How to renovate a room cheaply
By Ryoji Shimada, staff writer
According to last year's survey, the number of vacant houses in Japan is about 8.46 million (compared to about 8.2 million in the previous survey), and the ratio of vacant houses to all houses (vacant house rate) is 13.55%. Vacant houses are one of the major problems facing Japan. The best thing to do is to demolish them and build new houses, but it costs a lot of money. Renovation is also expensive. Therefore, the method of renewing a house with a little renovation is coming into the spotlight.
A young man in his 20s sits on a wooden bench under the windows of a quaint but stylish room, reading a book in the sunshine. Just outside is a small wooden deck. A planter would fit nicely there. Inside, wooden shelves separate the main room from the kitchen, fitting perfectly without taking up too much space. The easy-to-use closet is equipped with adjustable shelves. A second door just inside the main entrance created an oppressive feeling, so it has been removed and replaced with a long white mesh curtain, providing smoother entry and a more spacious ambience. A narrow shelf has been attached to the wall in the entryway, to hold items such as keys or small plants. New wallpaper and flooring contribute to the comfortable atmosphere.
This approximately 25-square-meter room, built for single-occupancy, is in a 45-year-old two-story wooden apartment building in Chofu City, a 20-minute train ride from the center of Tokyo. It was recently renovated and turned into a pleasant living space.
Mokuchin Kikaku, a non-profit organization, carried out the renovations for just 700,000 yen ($7,777). “These old wooden apartments have a simple structure, which makes it easier to give them a facelift,” said vice-chairman Eiji Kawase, 25. Commonly known as mokuchin apartments (“mokuchin” means cheap), they are hard to rent nowadays. Being over 30 years old, they are run down and unfashionable. But Kawase stressed the good side of these apartments, “They often have a cozy, community-oriented feeling.” The organization’s aim and purpose is to give these old rooms a new life as valuable assets to society.
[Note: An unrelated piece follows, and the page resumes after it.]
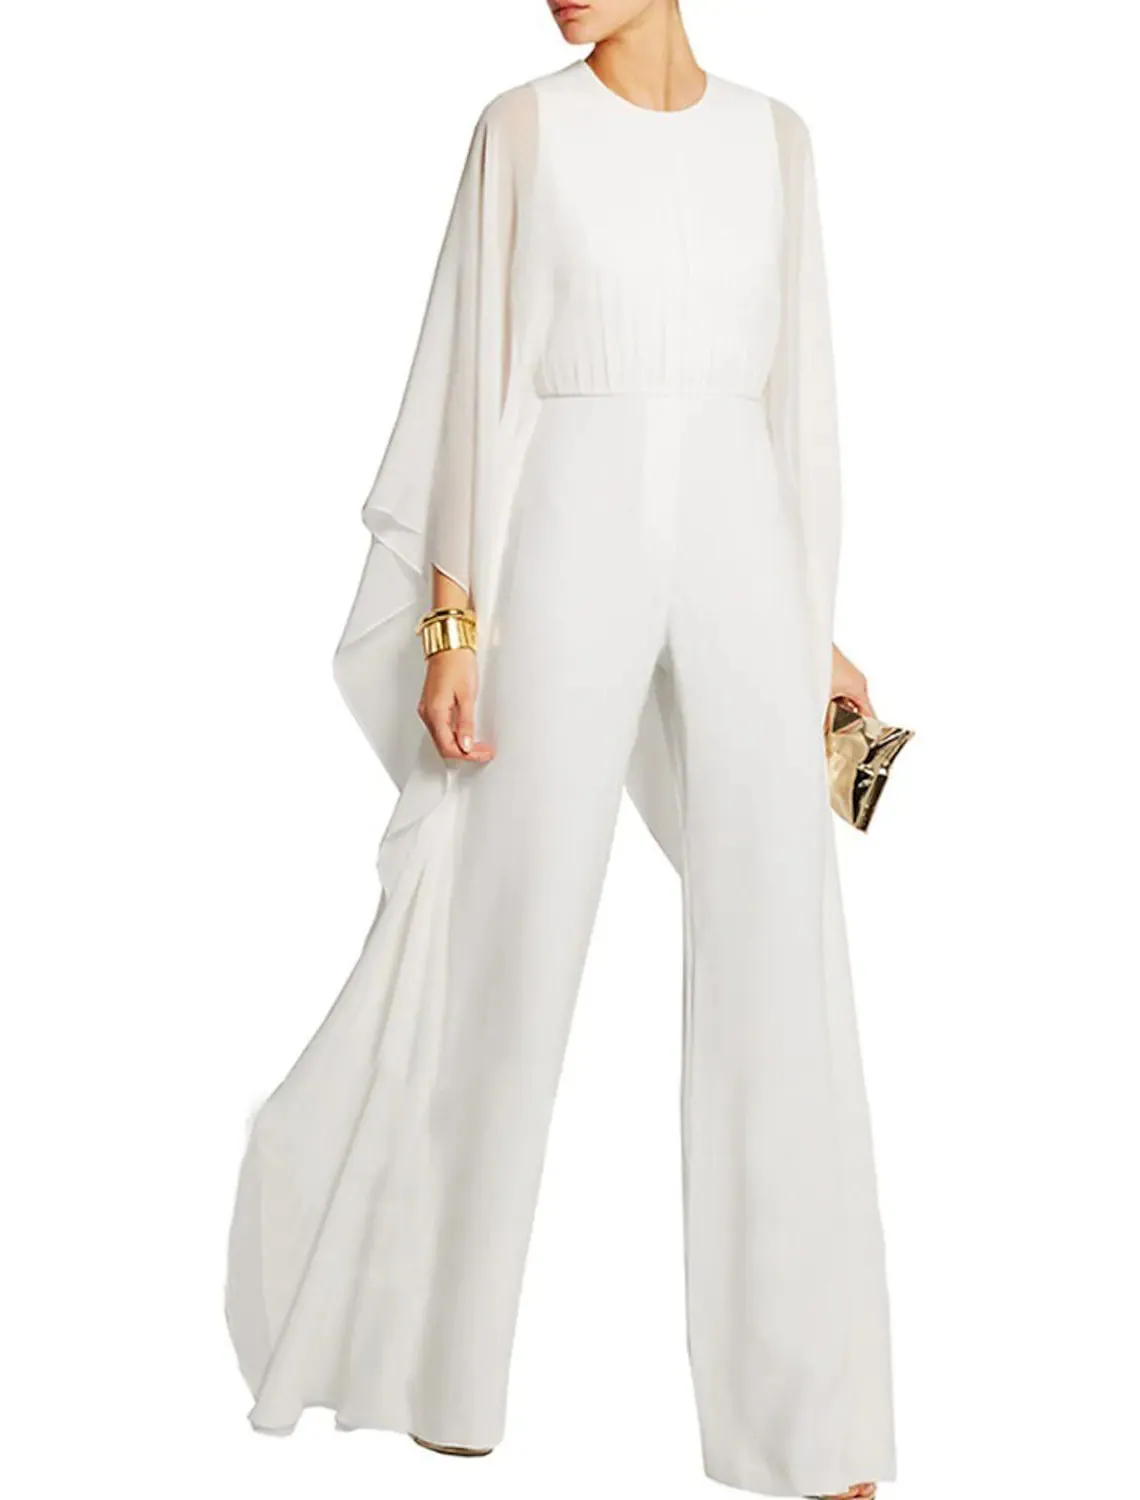 Элегантная шифоновая мать брюк -брюки костюмы Империя Талия Женщины Компания Свадебное гость

There are said to be more than 140,000 mokuchin-style apartments in and around Tokyo. Most of them were built between 1954 and 1973, when there was an influx of people from other regions looking for work during Japan’s so-called “post-war economic miracle.” These apartments were hastily built in large numbers to accommodate those people. In most cases, the units are small, intended for just one person, and the rent is low, so they sometimes have shared bathrooms. But at the same time, their wooden structure, no longer found in modern concrete apartments or condominiums, is unique to Japan and is considered quaint or old-fashioned. Nowadays, shared facilities such as bathrooms or sinks can be viewed as assets, providing good communal space. However, these places are really too old to be used in their current condition. They need a bit of a facelift, as well as some adaptations to the requirements of modern living, by being refurbished in a way that doesn’t tarnish their charms.
Along with a group of university students, Kawase and chairman Yutaro Muraji, also 25, started to conduct research on these apartments around Tokyo in 2009. They found that tenants shunned them due to their age, and there were a lot of vacant rooms. But many landlords have little money for renovation. Some can’t help but put these beloved apartments up for sale.
The newly-renovated room in the photo above is now being rented to a young person in his 20s for 55,000 yen ($611) a month. (Prior to the renovations, it had cost 50,000 yen ($555).) “I heard that he liked the interior and the design so much that, even though he had to pay another 5,000 yen a month to park his motorcycle elsewhere, he chose this room,” said Kawase. There is no bicycle- or motorcycle-parking space provided with this apartment.
Renovations should be done at a reasonable cost, but in a way that will meet the demands of the mostly-young prospective tenants. This delicate balance is the key to the success of Mokuchin Kikaku’s activities. The present goals of the organization are to increase the number of “recipes” so that they can be adapted to a greater variety of properties, and to offer even more ideas through their consultation service. Inquiries are increasing, and since the end of last year, they have received requests to work on more than 30 projects.
Asked why youngsters are taking a fresh look at these retro-style rooms, Kawase replied, “They might be fed up with modern places, or find them too high-tech, with too much security, too sterile-looking and so on. There is certainly a growing need for these old apartments with their warm atmosphere. We should give them a shine once again.”